More than 20 features were extracted from several sources. Based on sampling frequency, extracted features are divided into well-based discrete features and petrophysical-based continuous features. Examples of well-based features include well location with respect to flank (east or west), fluid viscosities and densities, total dissolved solids from surface water, distance to nearest water injector and injection volume. Petrophysical-based features include height above free water level (HAFWL), porosity, modelled permeability, initial water saturation, resistivity-based saturation, rock-type and caliper. In addition, we engineered two new depth-related and continuous features, we call them Height-Below-Crest (HBC) and Height-Above-Top-Injector-Zone (HATIZ).

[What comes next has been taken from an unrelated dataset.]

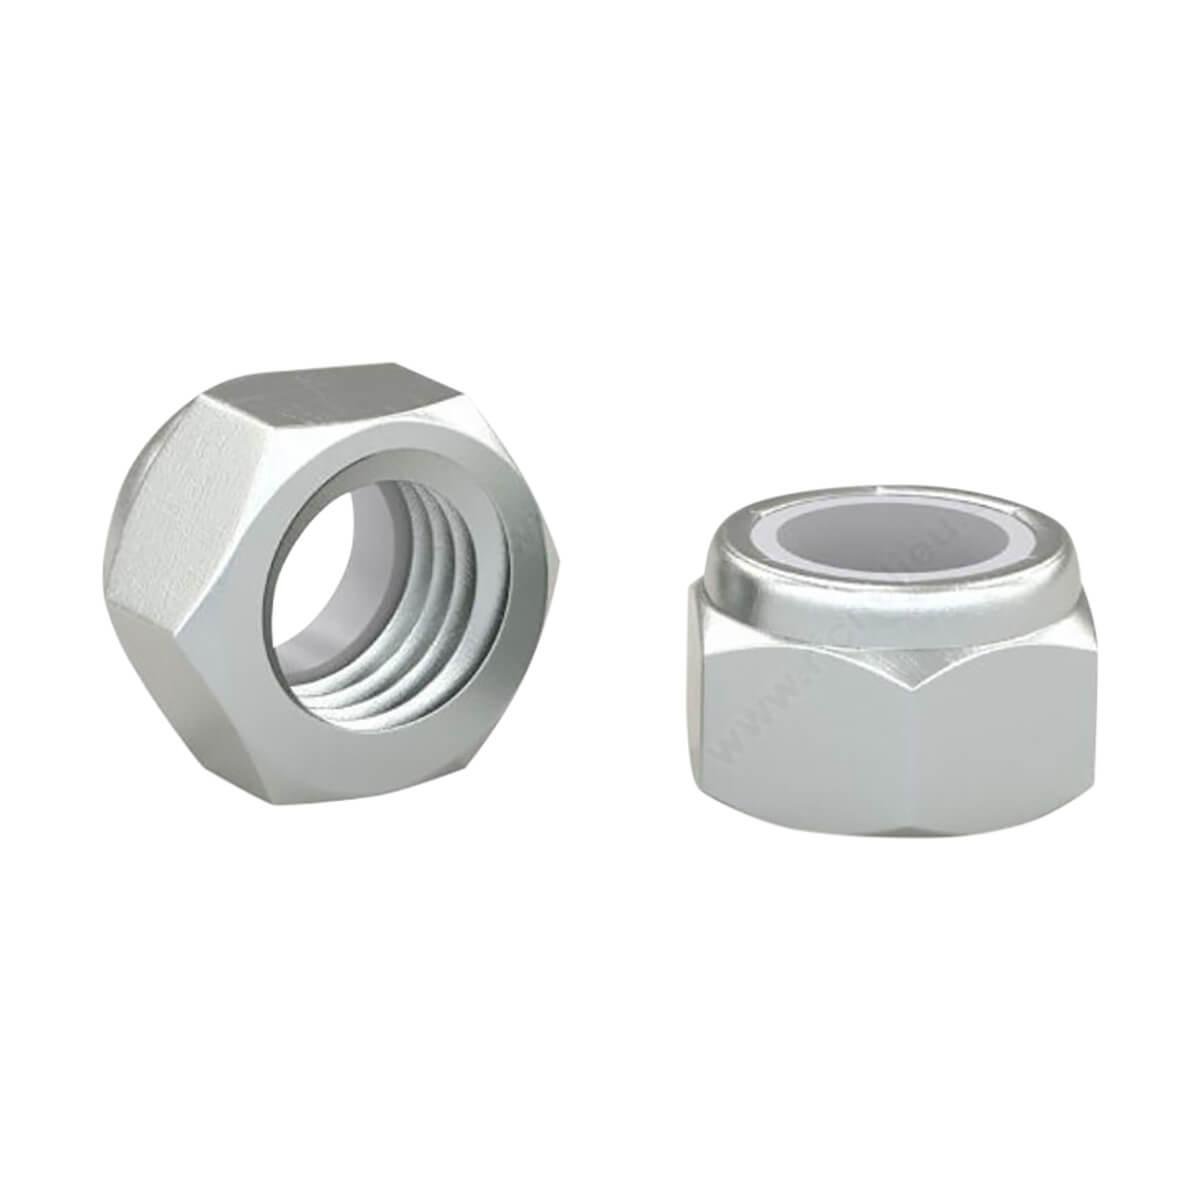 Lock Nut - Steel/Nylon - 3/8-in-16 Pitch - Zinc - 6 Pack
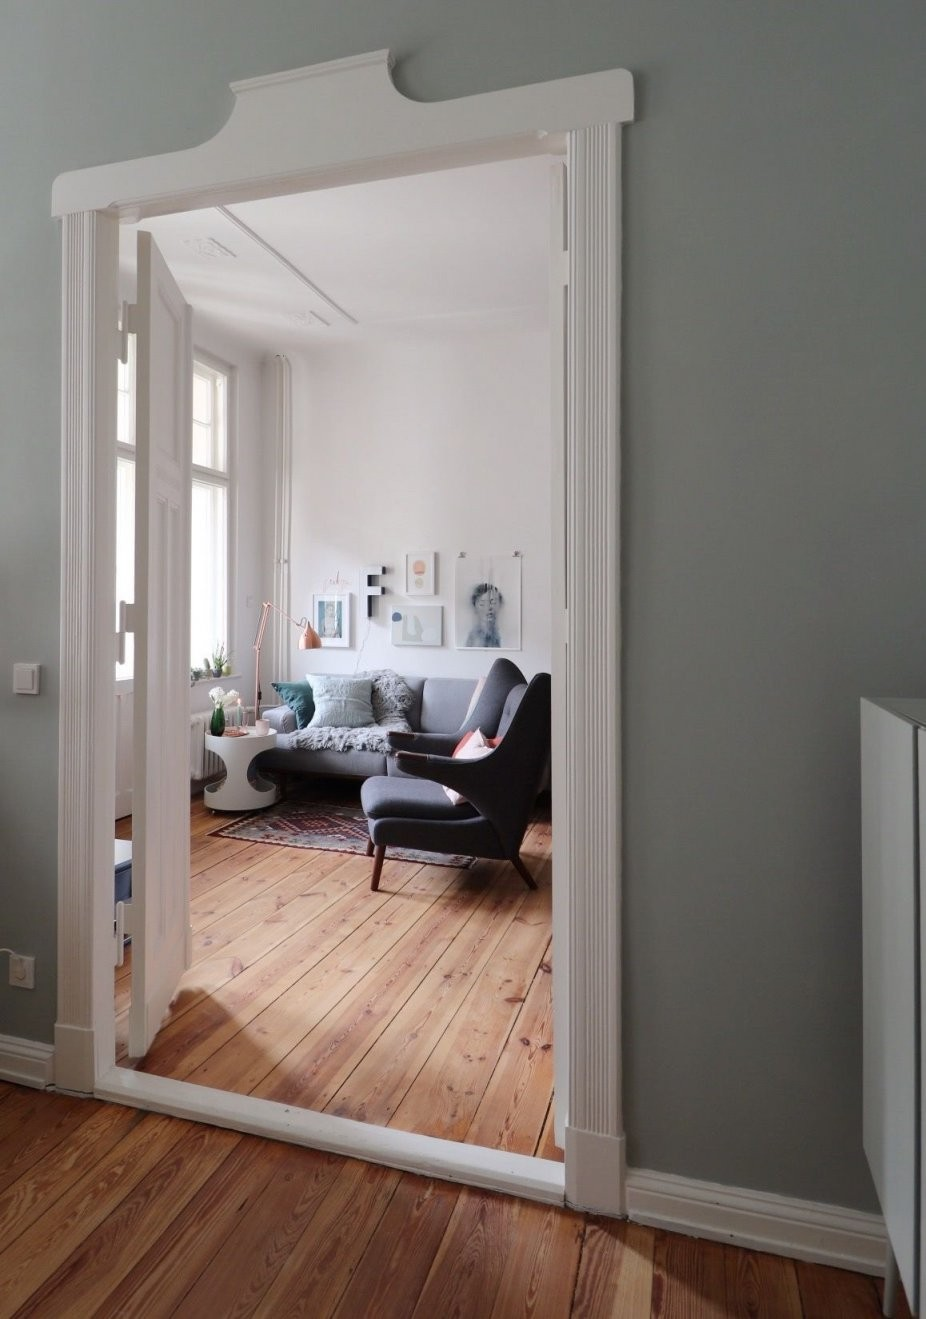 Graue Sofas Ideen Für Dein Wohnzimmer von Graues Sofa Welche Wandfarbe Photo

Initial data exploration was performed using Pearson's correlation heat map. Fluid densities and viscosities show strong correlation (60-80%) to the engineered features (HBC and HATIZ), which helped to capture the viscous and gravity forces effect across the well's vertical depth. The heat map also shows weak correlation between the features and the target variable, the oil saturation from dielectric log. The dataset, with 5000 samples, was randomly split into 80% training and 20% testing. A robust scaling technique to outliers is used to scale the features prior to modeling. The preliminary performance of various supervised machine learning models, including decision trees, ensemble methods, neural network and support vector machines, were benchmarked using K-Fold cross-validation on the training data prior to testing. Ensemble-based methods, random forest and gradient boosting, produced the least mean absolute error compared to other methods and thus were selected for further hyper-parameter tuning. Exhaustive grid search was performed on both models to find the best-fit parameters, achieving a correlation coefficient of 70% on the testing dataset. Features analysis indicate that the engineered features, HBC and HATIZ, along with the porosity, HAFWL and resistivity-based saturation are the most importance features for predicting the oil saturation from dielectric log.
Dielectric log provides an edge over resistivity-based logging technique in mixed salinity formations, but with more elaborate interpretation procedures. In this paper, we present a soft-computing and economical alternative of using ensemble machine learning models to predict oil saturation from dielectric log given some extracted features from common reservoir information, petrophysical properties and conventional log data.